Prison Break: 6 Key Constraints That Stop Small Businesses From Becoming Big Businesses

Recently I met a group of Small and Medium Sized Enterprises (SMEs) business owners who were sharing who were sharing their experiences and exchange ideas on how to grow their businesses. They were entrepreneurs at various stages of running businesses from one year to over ten years.

One lady who has been running a seemingly successful SME for over a decade brought up an interesting question that occupied most of the discussions. She asked why most SMEs struggle to grow into large enterprises. She explained that despite hard work, capital injection, strategic planning majority of SMEs are unable to break some confining walls that ensure the business remains at certain level of turnover and profitability. This happens after some years of exciting growth that plateaus at certain level. I jokingly called what he was describing the being held in the prison of smallness.

Why would theses enterprising, hardworking, passionate and ambitious entrepreneurs be held in this prison? I kept on thinking.

After evaluating my working experience with many SMEs I picked the following factors as the key constraints that combine to create this prison.

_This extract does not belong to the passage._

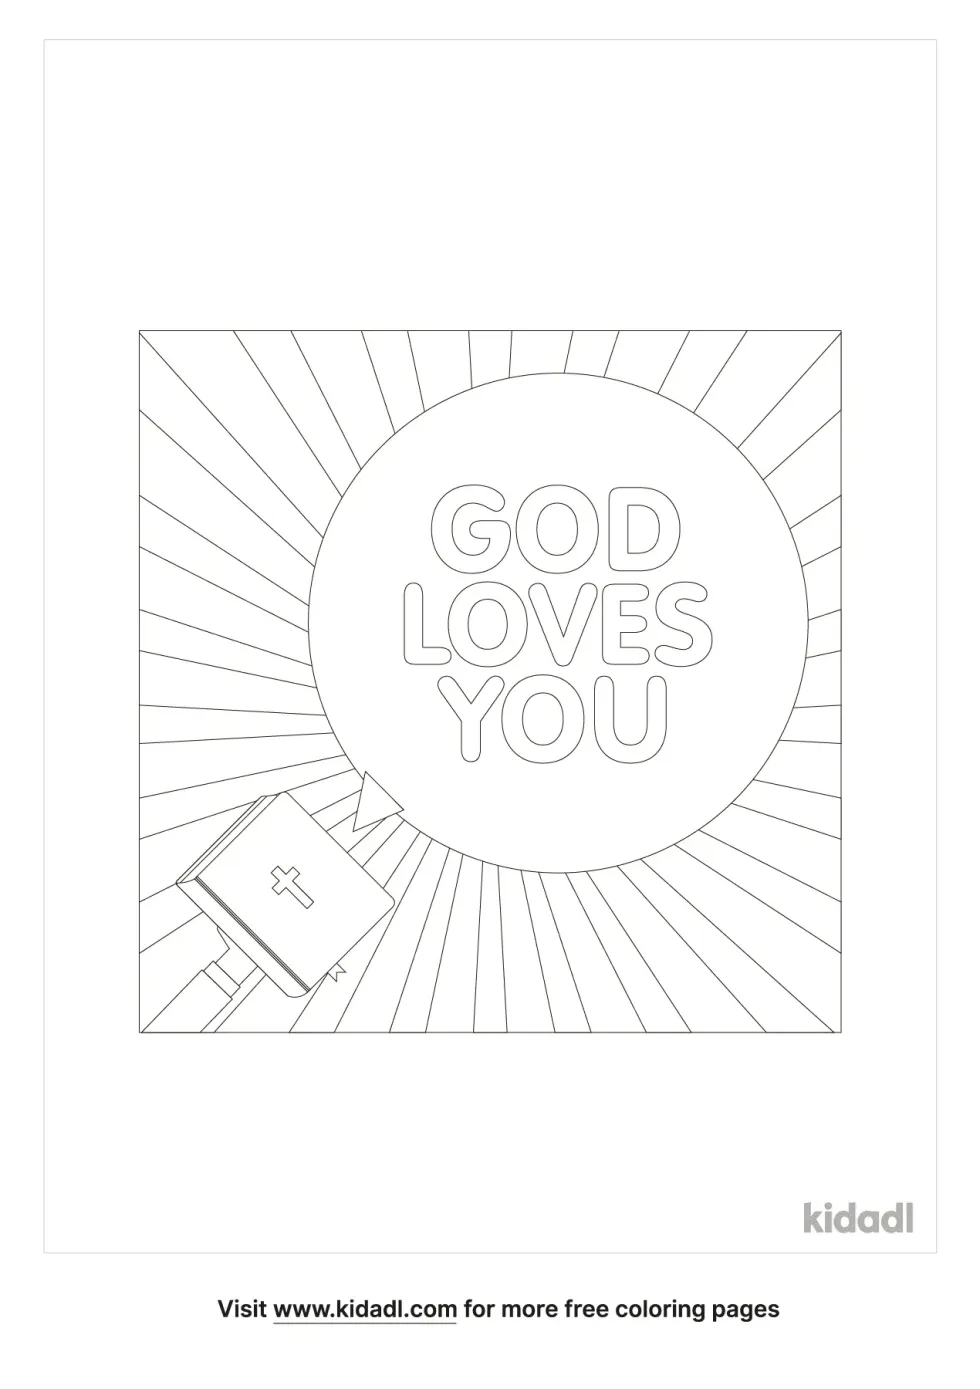 The Length Of God's Love Is Forever Coloring Page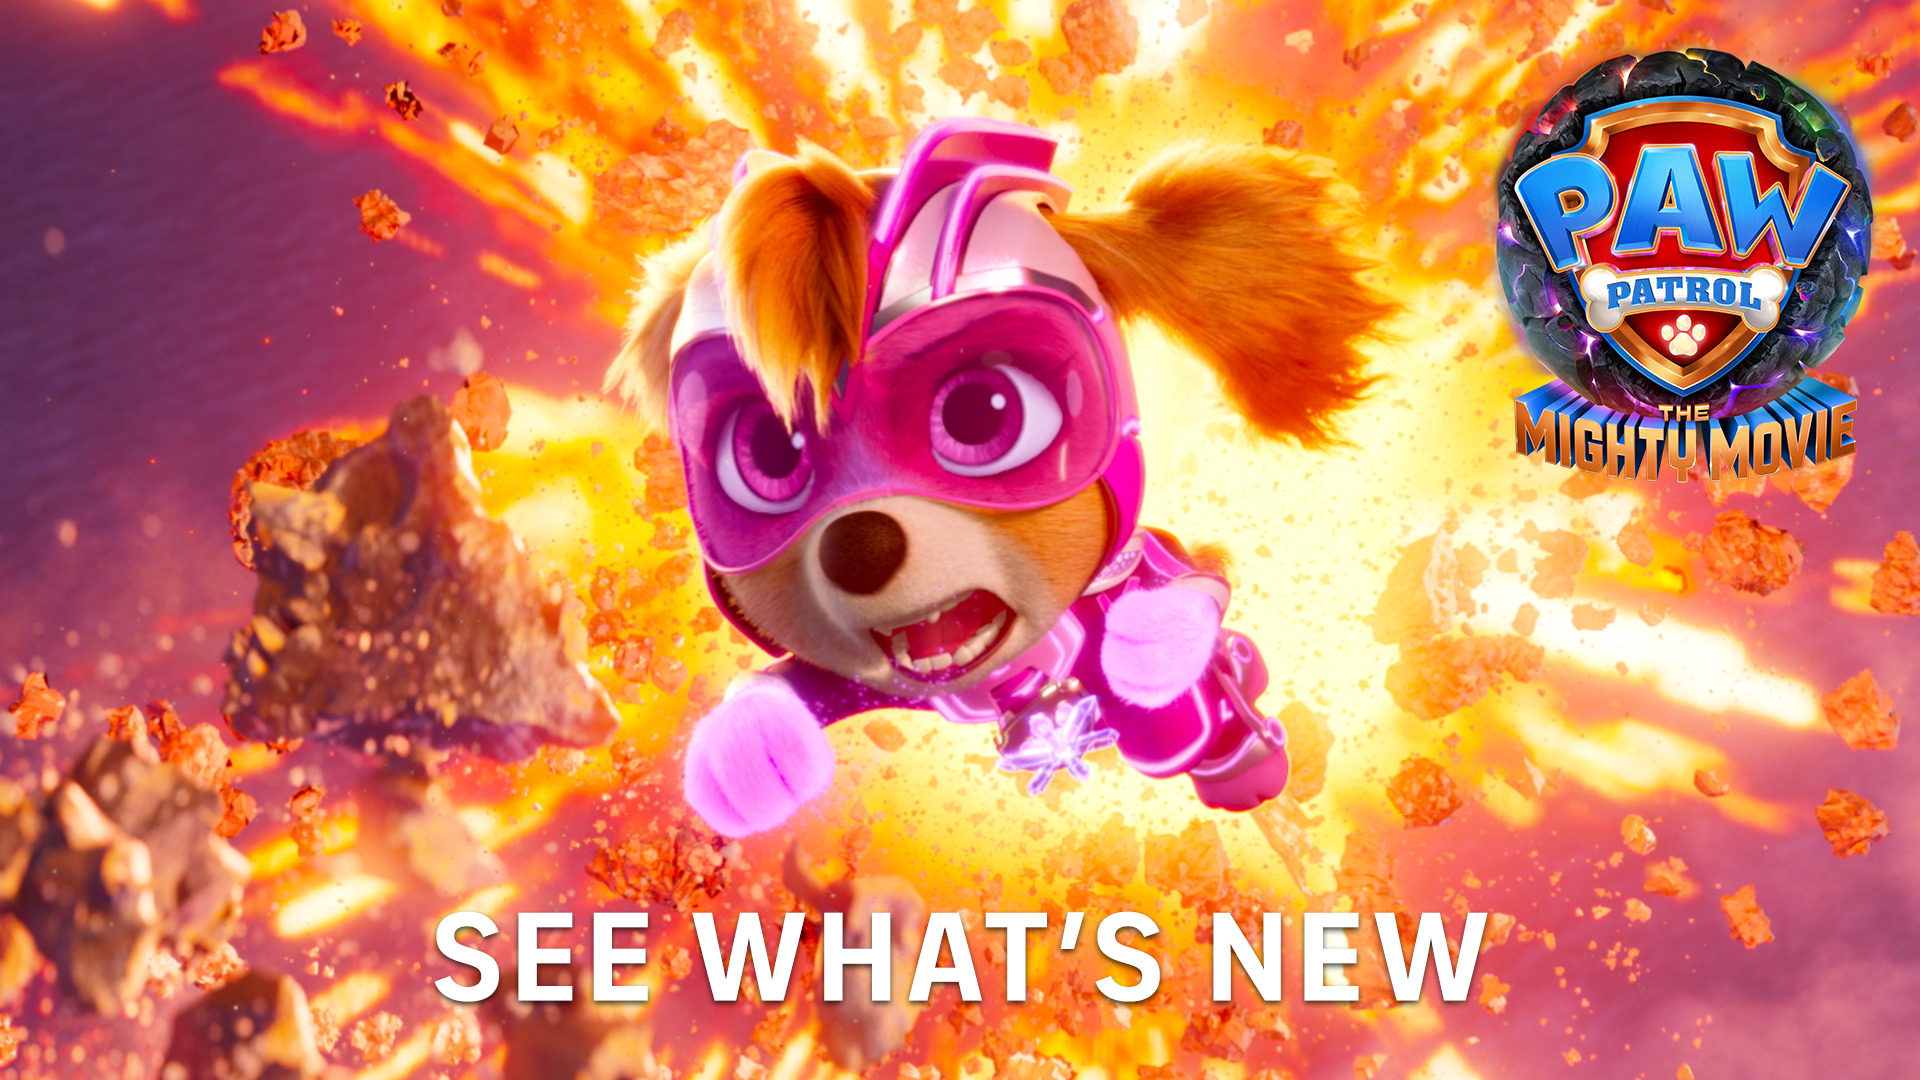 Watch Paramount + PAW Patrol The Mighty Movie What’s New Featurette

1. Unscalable Business Models.

The biggest limitation to SME growth, from my observation, has been unscalable business models.

No business can outperform its business model. A business model describes the integrated means and processes through which you are trying to achieve your business objectives- creating and delivering value to the market for profit. When the perfect combination of such means is put to the highest test they could only give a certain result at best. However hard you work your model will not get any higher results after some point. At this point we say your business model can’t be scaled any further.

Let me explain this with an example. If you were a dairy products processor you could have the following factors as some of the elements that form your business model. You keep dairy cattle, which provide all the raw milk you require. You then process and package the end products in your family run factory. You own two trucks with some delivery people who take the milk to various shops in your neighboring city. As the business keeps on growing you increase your cows, you expand your factory, buy more trucks and hire more delivery boys. But you will only be able to do this to a certain level.

At that point you won’t be able to keep more cows business and therefore your raw materials will become a constraint. The factory could only expand to a certain level and the market will only be able to absorb a certain amount of your products. However, much capital is injected into this business for expansion the business will become a prisoner of its own business model. Unless the model is changed to a scalable one, the revenues and profits of this firm will plateau.

A change in model may mean a change in how the firm gets its raw materials – from self production to buy from other dairy farmers; it may also mean selling semi-processed products to other dairy products, it may mean sourcing out its excess capacity to competitors, add other products into its fold rather than focusing on dairy products only, develop a different channel of distribution among many other factors that affect its business model.

As you evaluate your business model you need to fully appreciate all the factors that drive your business and how they relate to each other. If you are a prisoner of smallness then you need to have a thorough look into your business model.

2. Over dependence on new customers

All start up entrepreneurs have great stories of their first customers. The excitement of getting someone to believe in your product or firm is essential to keep you going in the early days of the start up. Unfortunately for most SME entrepreneurs this excitement becomes an obsession and it becomes the only purpose of all its business efforts.

It has been widely believed that the most successful business is the one that has the highest number of first time customers. This is a partial truth. I evaluate business success by the number of repeat customers, how frequent the orders are and whether they are increasing with time. As a growth strategist, marketing consultant and business owner, I know how costly and difficult it is to get a customer make the first purchase. This is incomparable to the easiness of keeping a customer and getting him to make a repeat purchase.

Many SMEs owners will agree with this logic in conversations but in practice the opposite happens. You hear and see the inscription, ‘Lose them once they make the first purchase!’ In their customer dealings. You see it in the customer service, the quality of its products and weak after sale follow-up. After a customer buys don’t ask, “How do I get the next one.” But shout to yourself, “How will I get him to come back!”

3. Flawed Marketing Mindset

For big companies marketing seem to be at the heart of everything they do. They do as much marketing as money can buy. A friend who owns a SME once told me that the market budget of a competitor was more than his company’s annual turnover (not profit). SMEs are limited in financial resources. But that is never an excuse for not marketing.